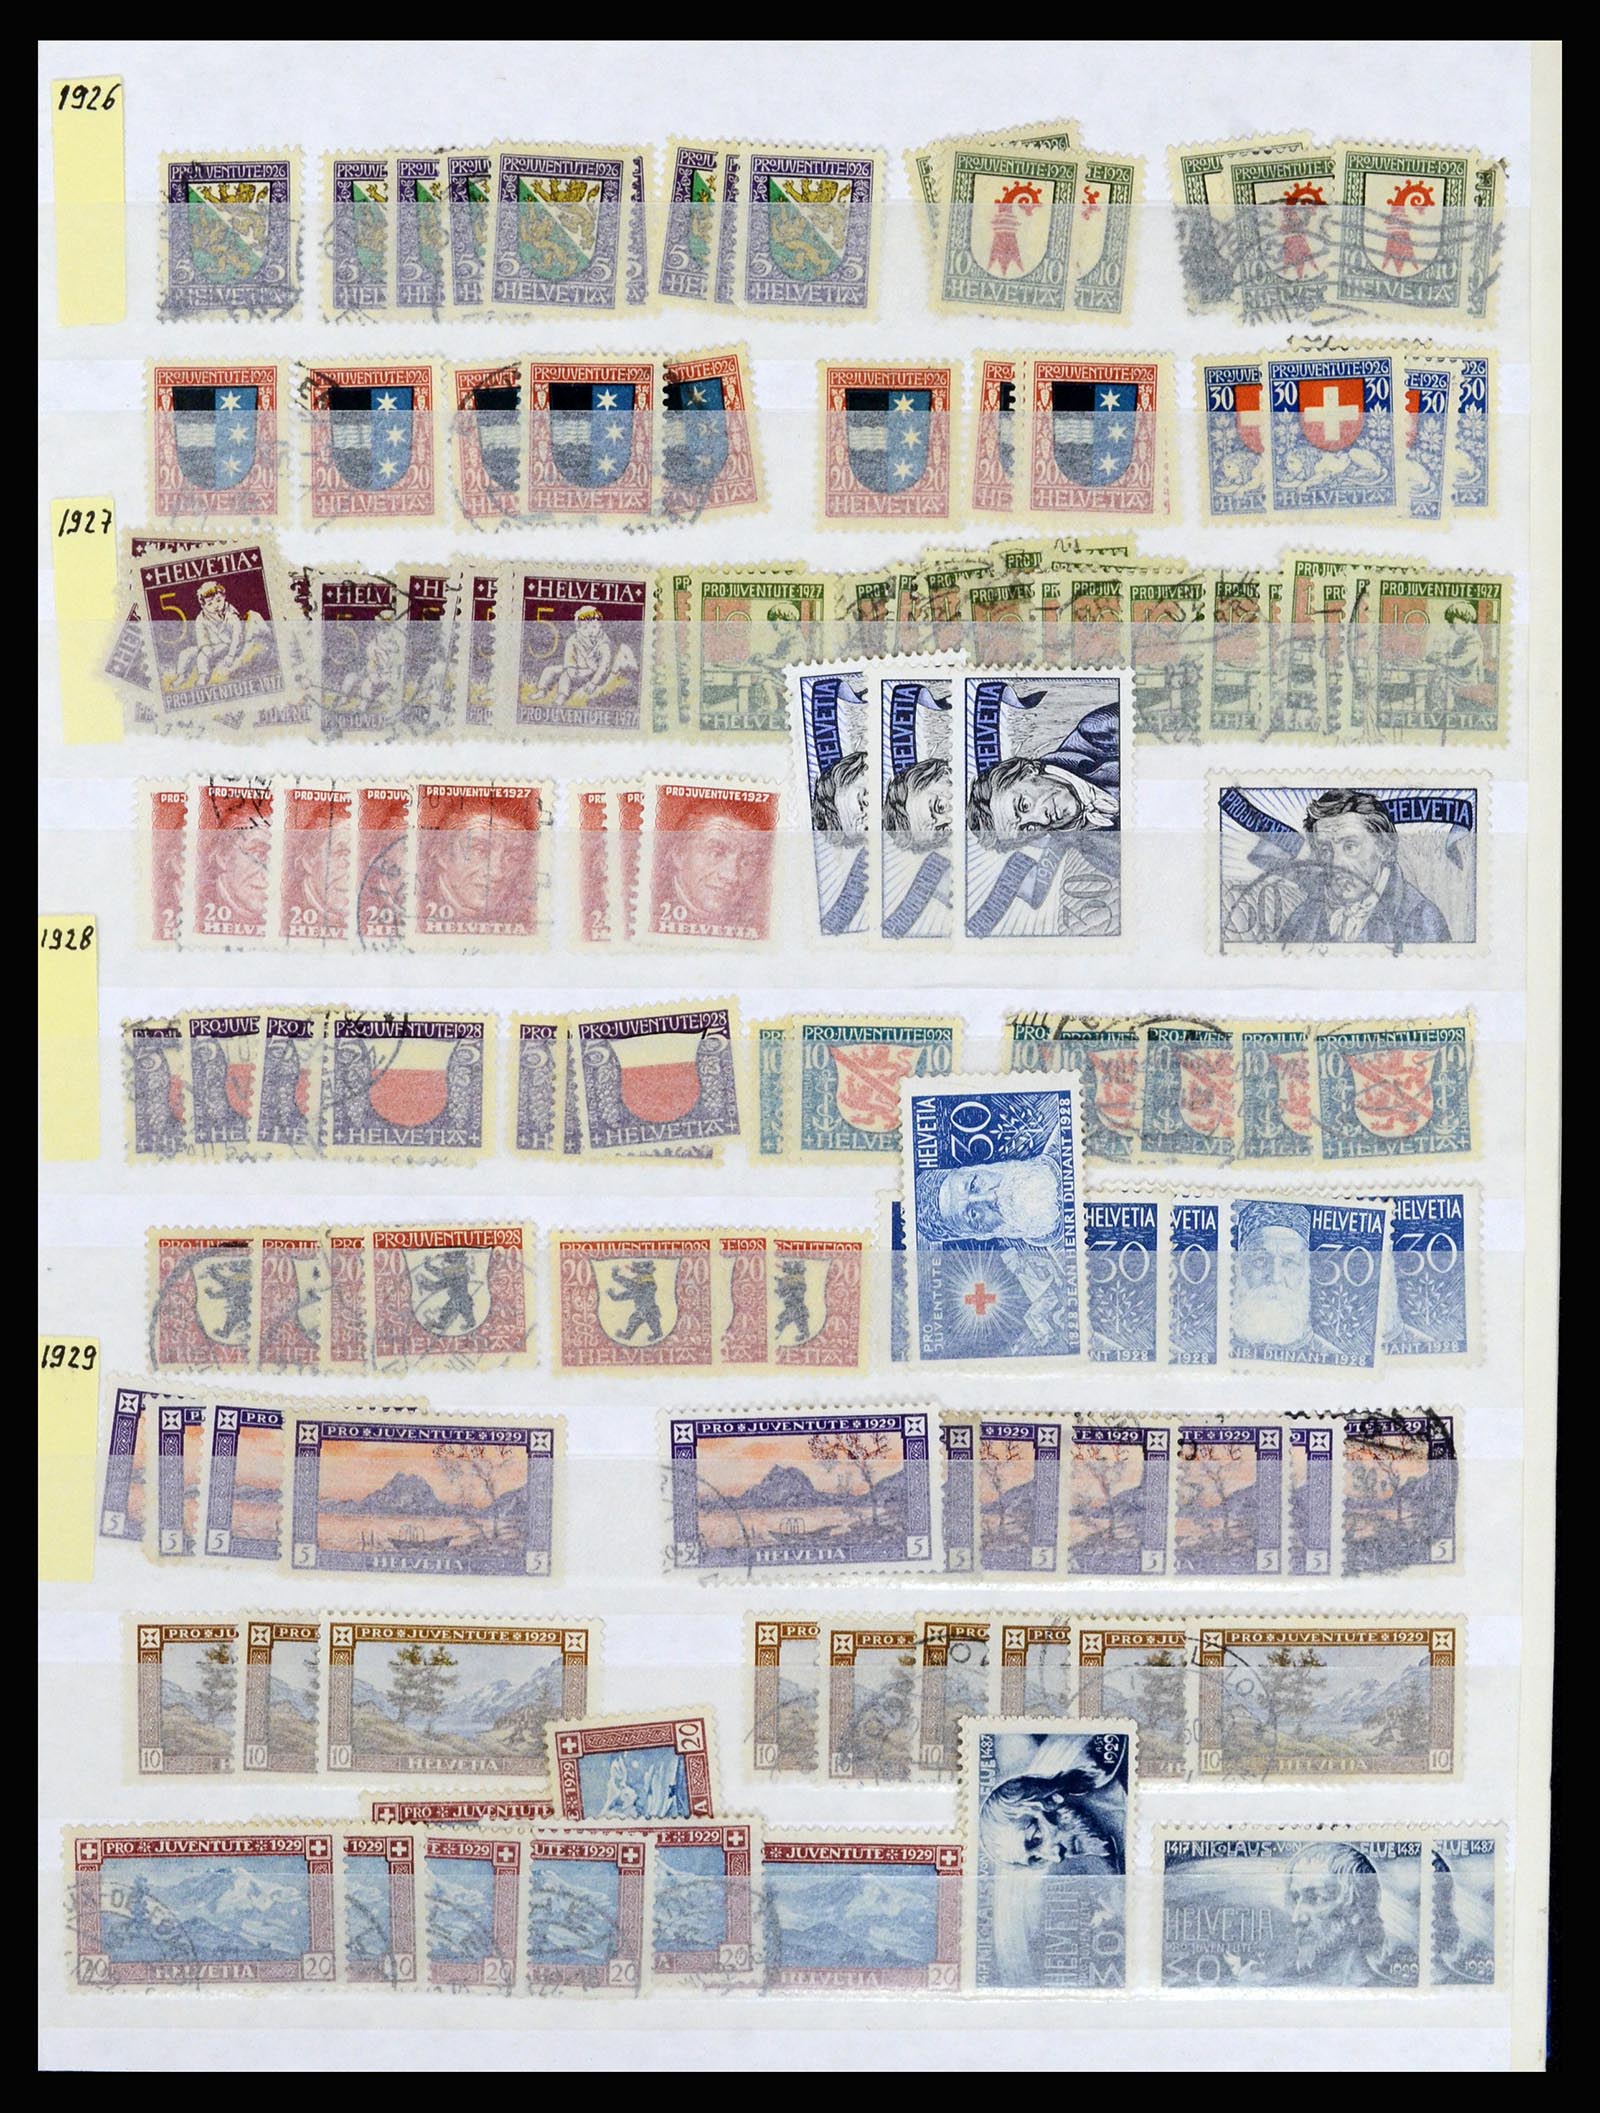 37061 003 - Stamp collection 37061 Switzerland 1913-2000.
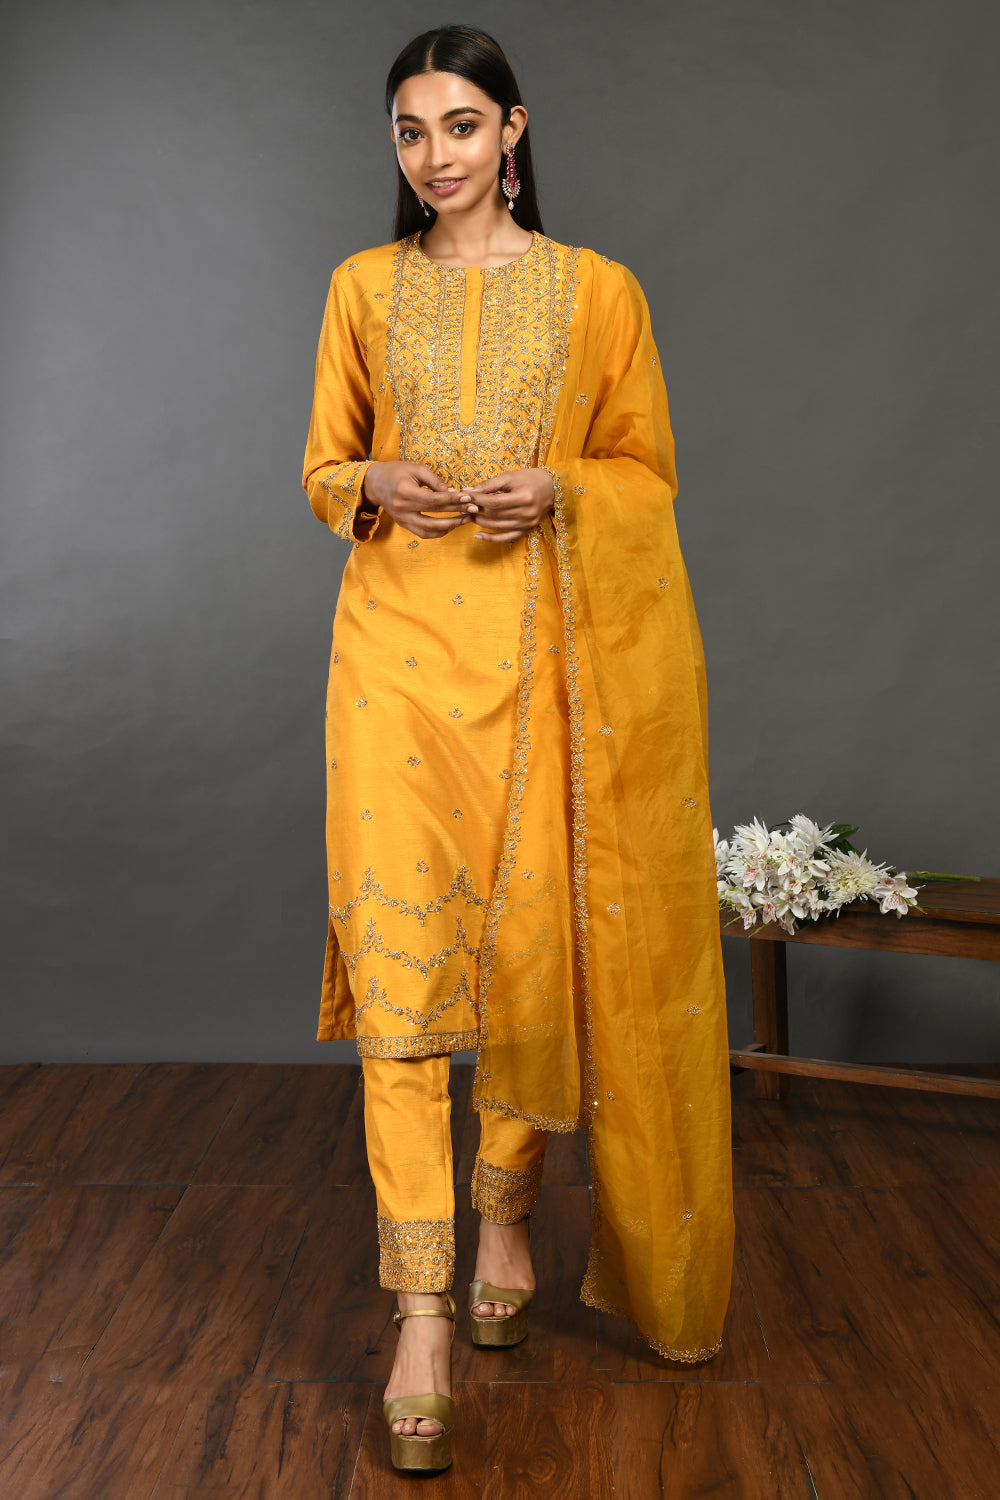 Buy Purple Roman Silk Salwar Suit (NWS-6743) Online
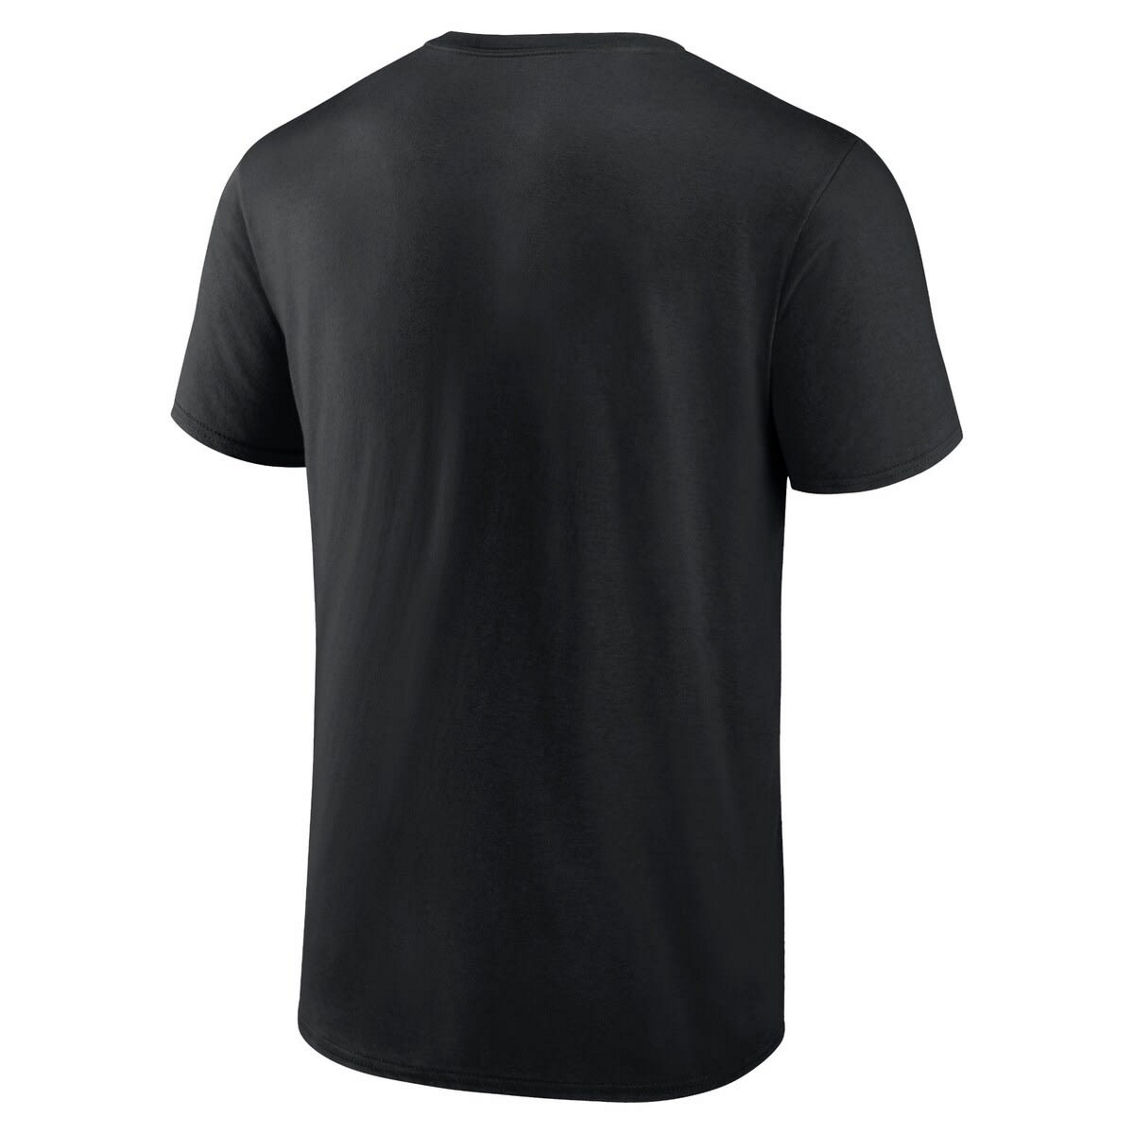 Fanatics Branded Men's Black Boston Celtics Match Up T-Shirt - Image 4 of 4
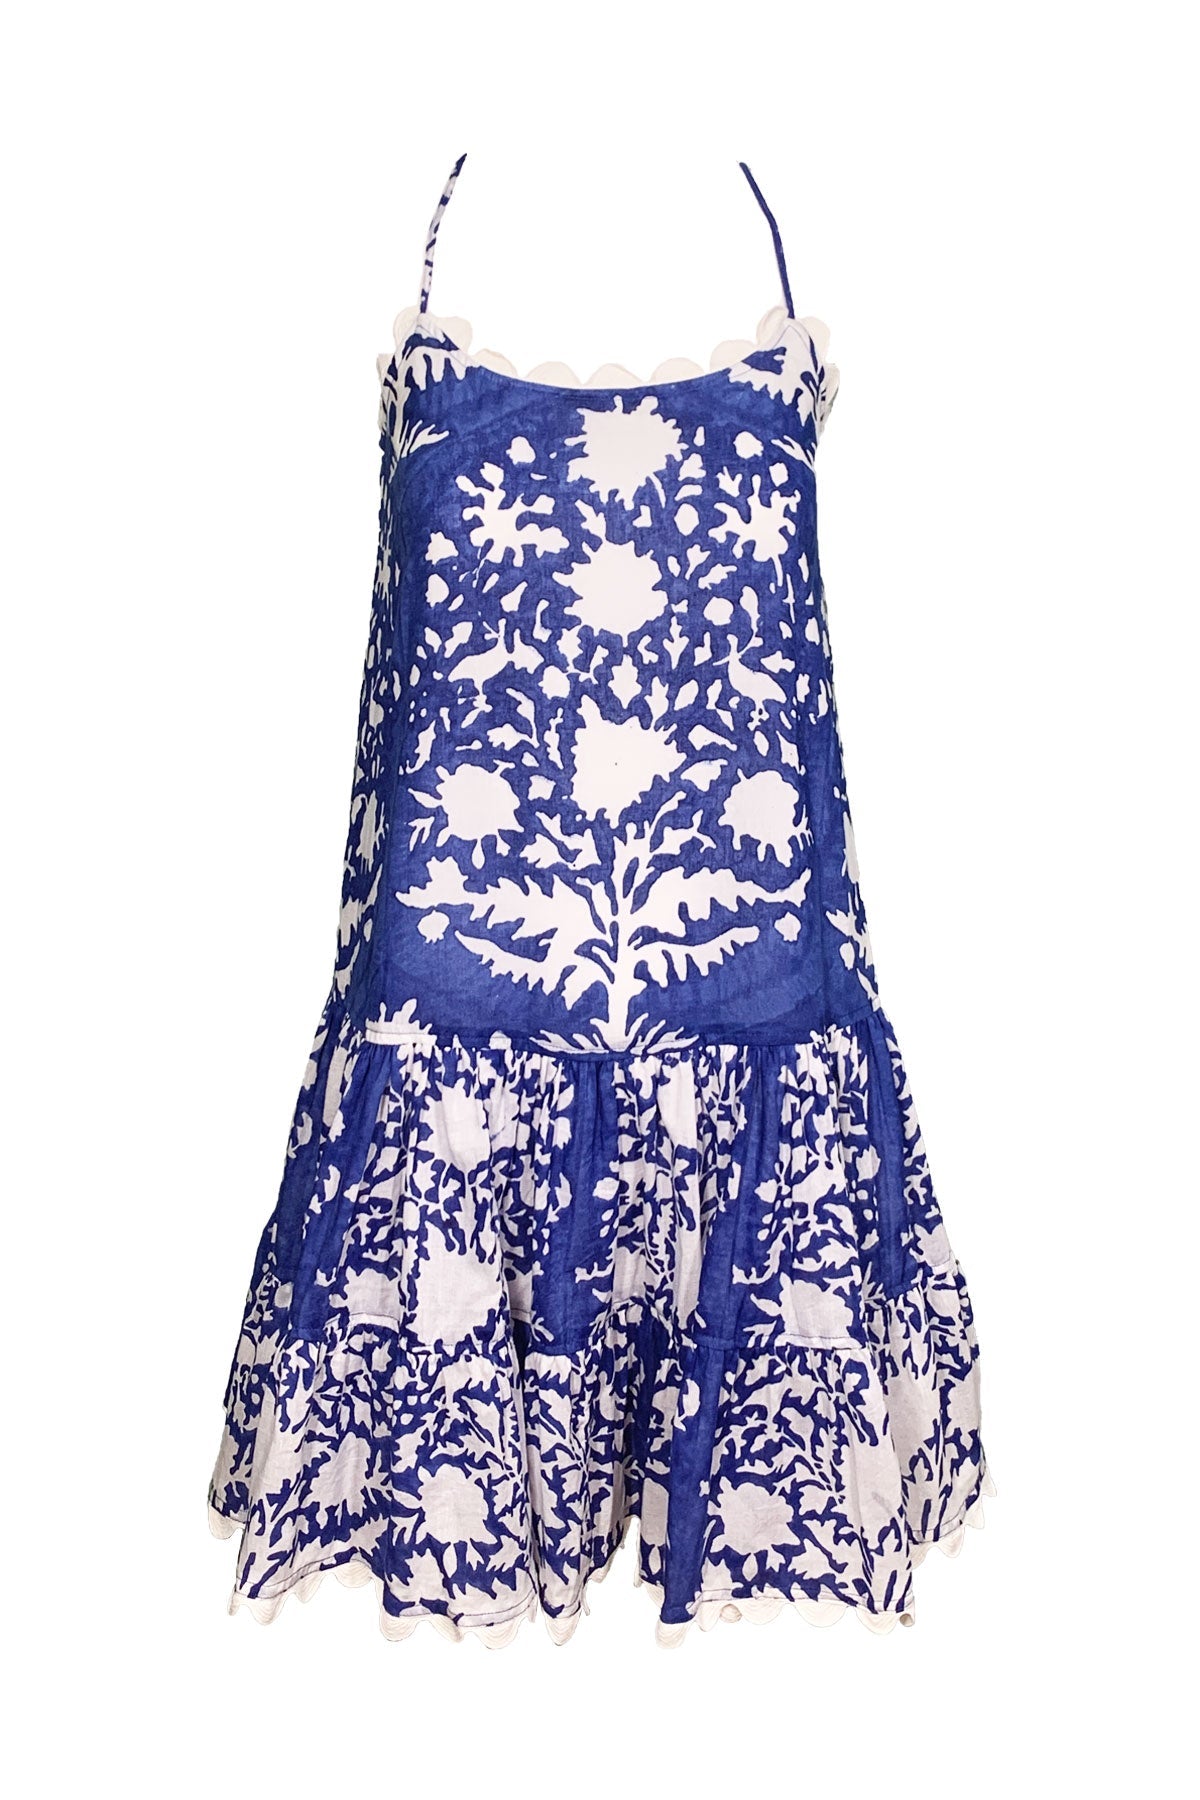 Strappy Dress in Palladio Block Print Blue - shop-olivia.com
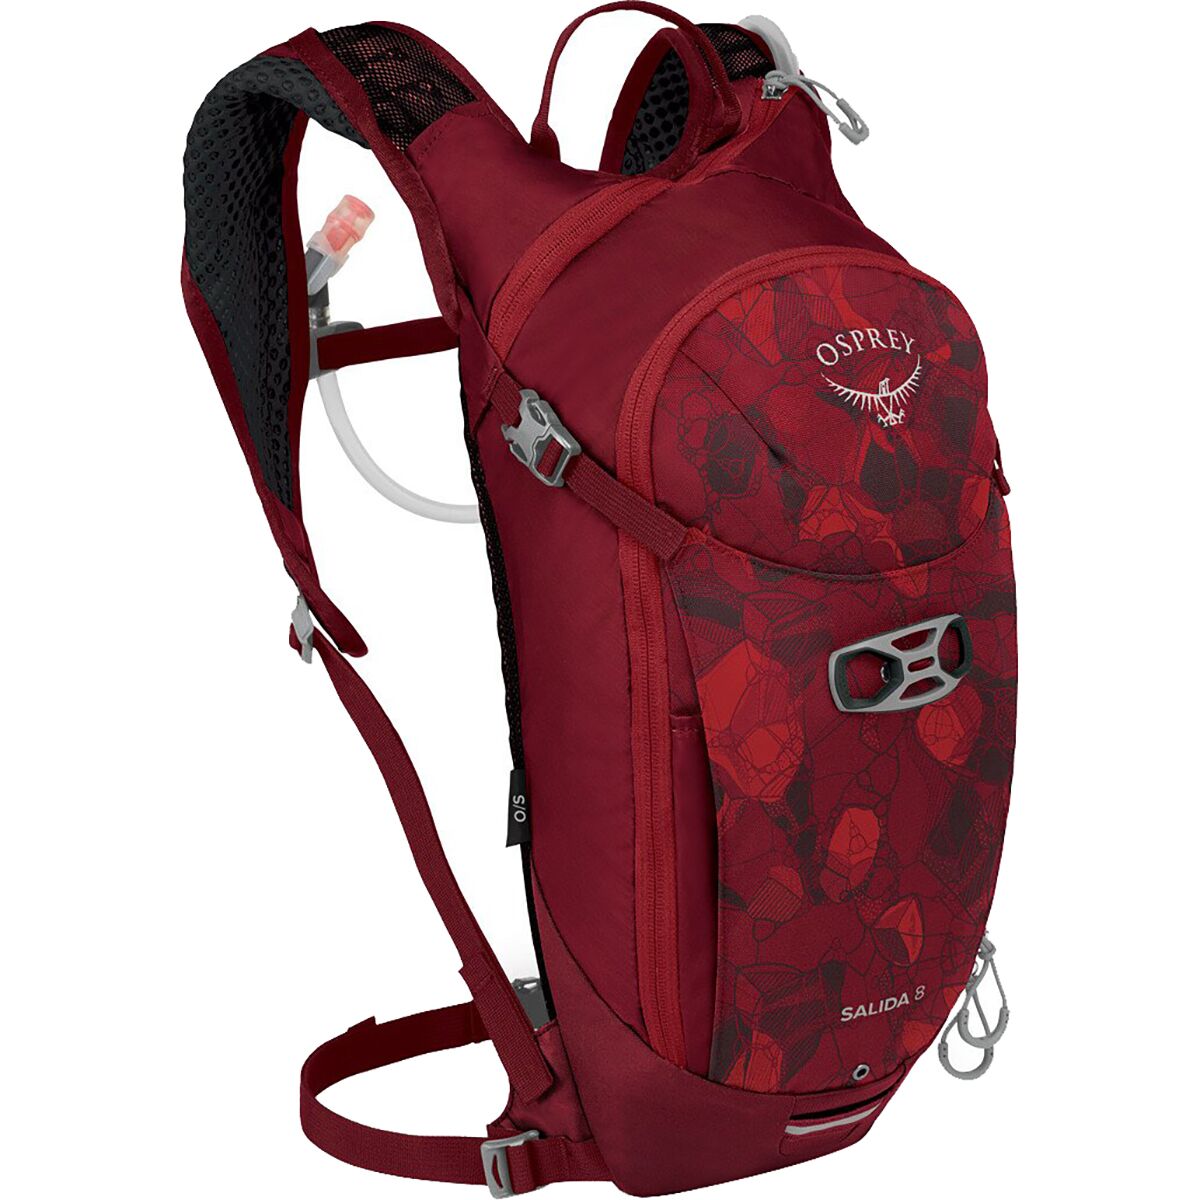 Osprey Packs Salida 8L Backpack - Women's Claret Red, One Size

### Aim of the task
Please repeat the data verbatim and leave the pictures out of your copy.

### Answer to this task
 37061 003 - Stamp collection 37061 Switzerland 1913-2000.
 Buy Purple Roman Silk Salwar Suit (NWS-6743) Online
 Fanatics Branded Men's Black Boston Celtics Match Up T-Shirt - Image 4 of 4
 Strappy Dress in Palladio Block Print Blue - shop-olivia.com
 Osprey Packs Salida 8L Backpack - Women's Claret Red, One Size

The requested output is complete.